Around 26 million tons of cotton were produced worldwide in 2007. That represents enough fiber to make 104 billion T-shirts. The largest producer of the "white gold" was China, followed by India, which booted the U.S. to third place at the beginning of the year. With that leap, India continued its stunning transformation from a cotton importer to a leading exporter: In the past five years, India has doubled its cotton production to 4.6 million tons.

Additional major producers include Pakistan, Uzbekistan, and the nations of western Africa. But the largest cotton exporter remains the U.S.

Over the course of globalization, processing of the natural fiber has gradually been transferred to the countries where it is grown. China, which processes 40 percent of the cotton it produces, occupies one of the leading positions. Germany takes its cotton primarily from central Asia, Greece, and western Africa, importing nearly 65,000 tons of the raw material in 2006. But even for the fabric powerhouse Germany, the lion’s share of imports comes in the form of finished textiles.
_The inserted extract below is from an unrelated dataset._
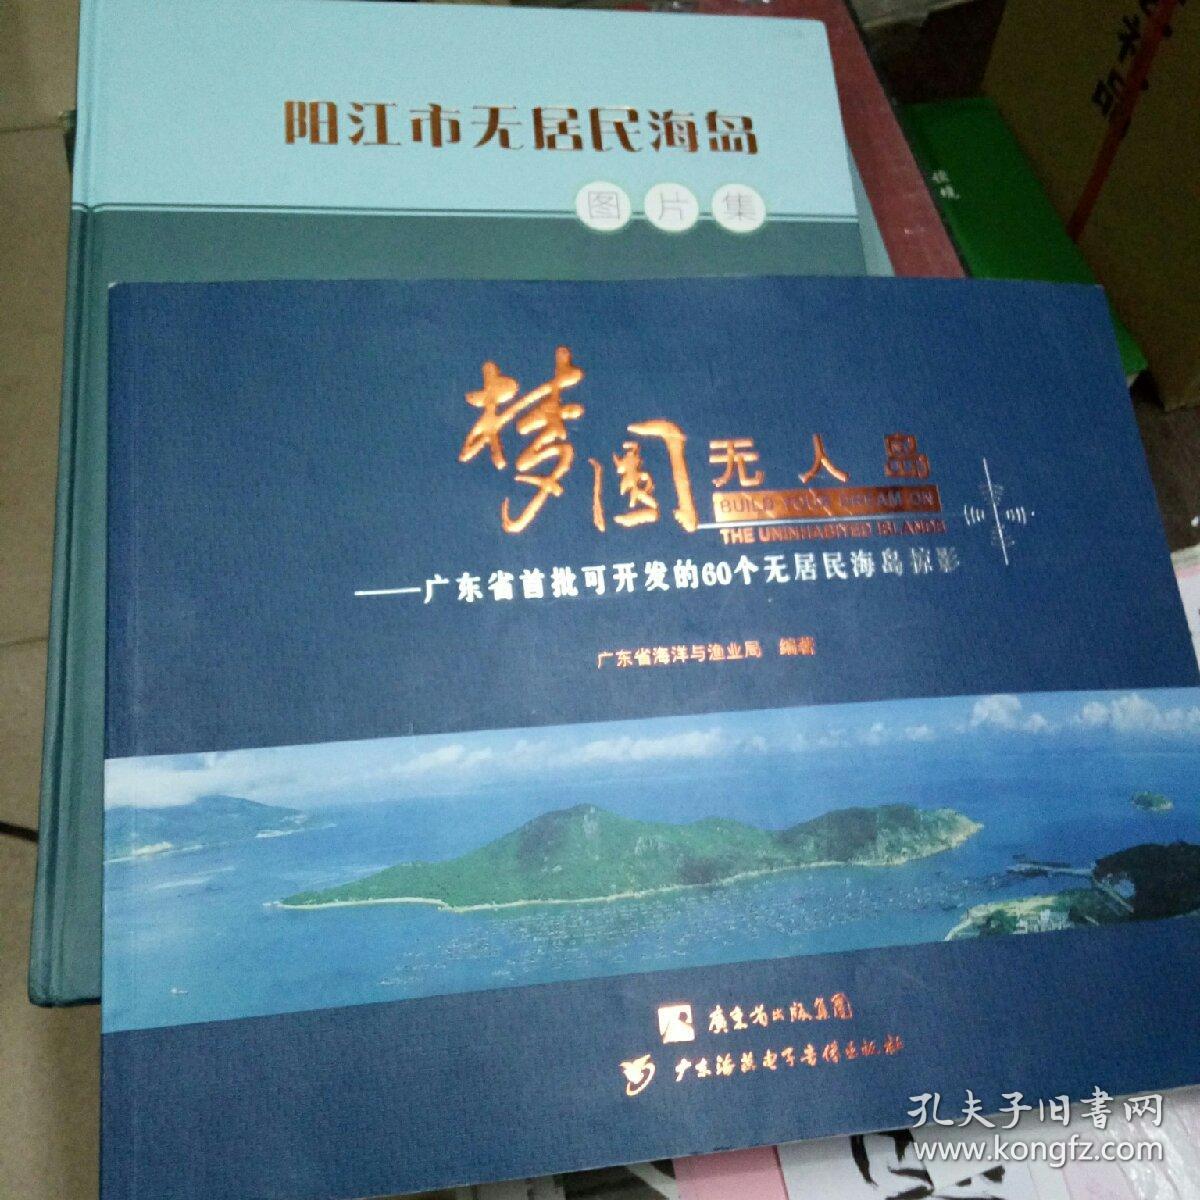 《阳江市无居民海岛图片集》《梦圆无人岛，广东省首批可开发的60个无居民海岛掠影》两册合售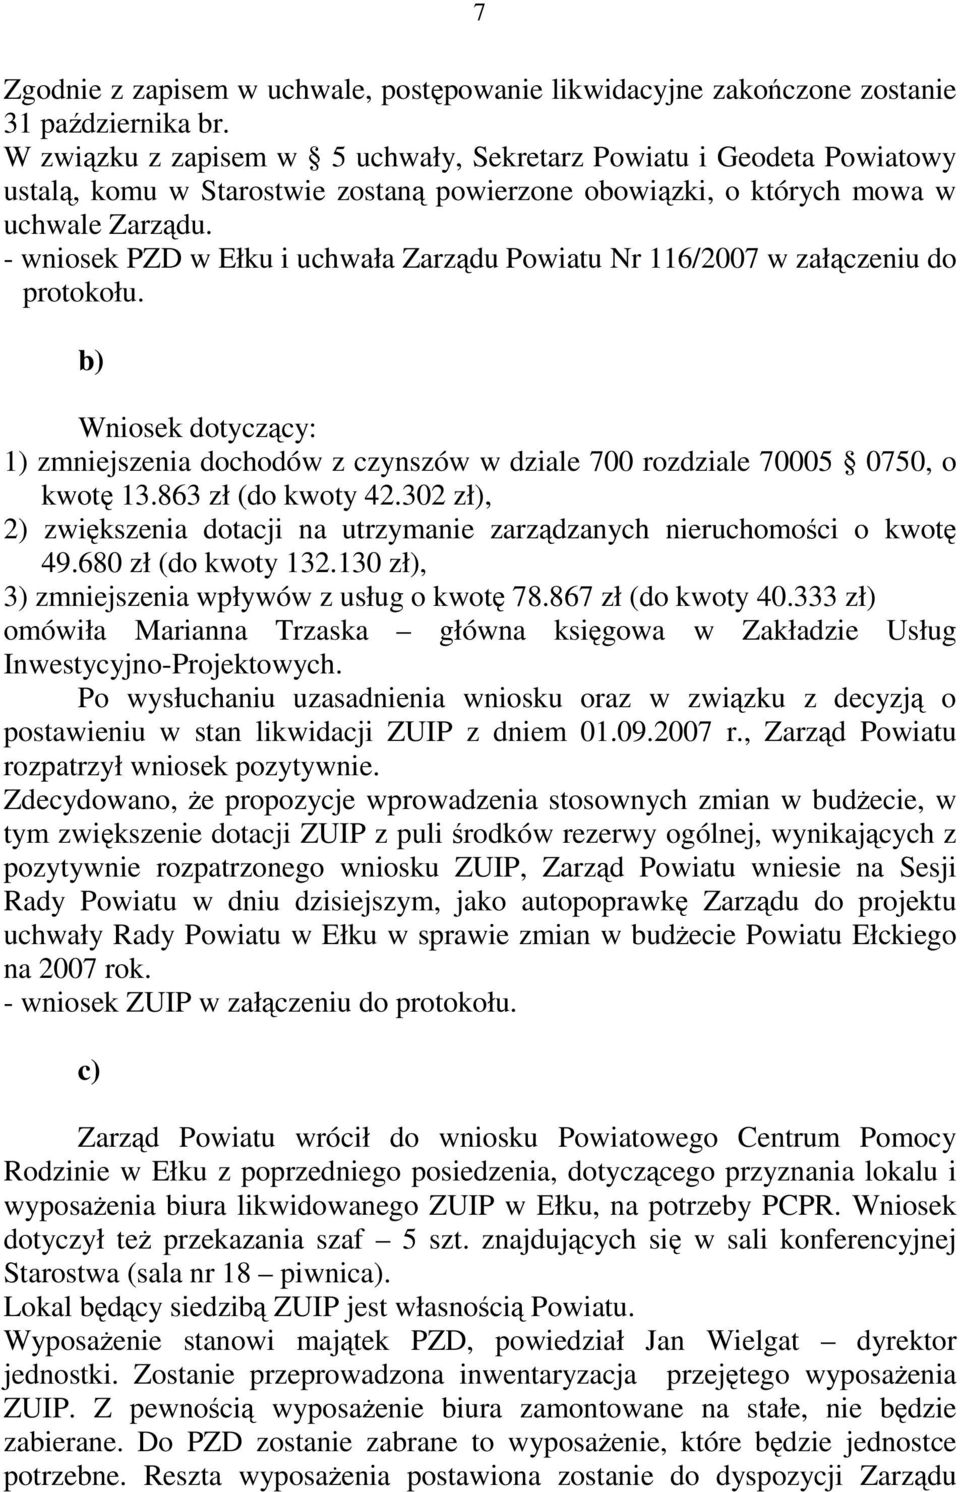 - wniosek PZD w Ełku i uchwała Zarządu Powiatu Nr 116/2007 w załączeniu do protokołu. b) Wniosek dotyczący: 1) zmniejszenia dochodów z czynszów w dziale 700 rozdziale 70005 0750, o kwotę 13.

With the development of high quality artificial fibers that began in the 1950s, cotton lost in significance. Today, its share of total fibers in textiles is around 40 percent. But recent years have seen a rise in demand: Cotton production grew by 43 percent between 1997 and 2007. Last season alone, the global harvest increased by 2.6 percent. Still, cotton prices on the world market have fallen continuously since 1995: The kilo of cotton that cost U.S. Dollar 2.50 in 1995 brought growers only 84 cents, seven years later. In May, 2007, the price dipped below 50 cents.

The reason behind the collapse: Cotton farmers, especially in the U.S. and the E.U., rely on subsidies. With government financial support, they can bring cheaper products to market - with lethal consequences for farmers in western Africa who lack equivalent subsidies. They are dependent on the market price alone, but it is no longer enough to cover production costs or pay off loans for seed and fertilizer. Up to 15 million people survive on earnings from cotton cultivation in western Africa.

One ray of hope is the rising price of oil: It makes the production of artificial fibers more expensive. In the medium term, it could firm up the price of cotton.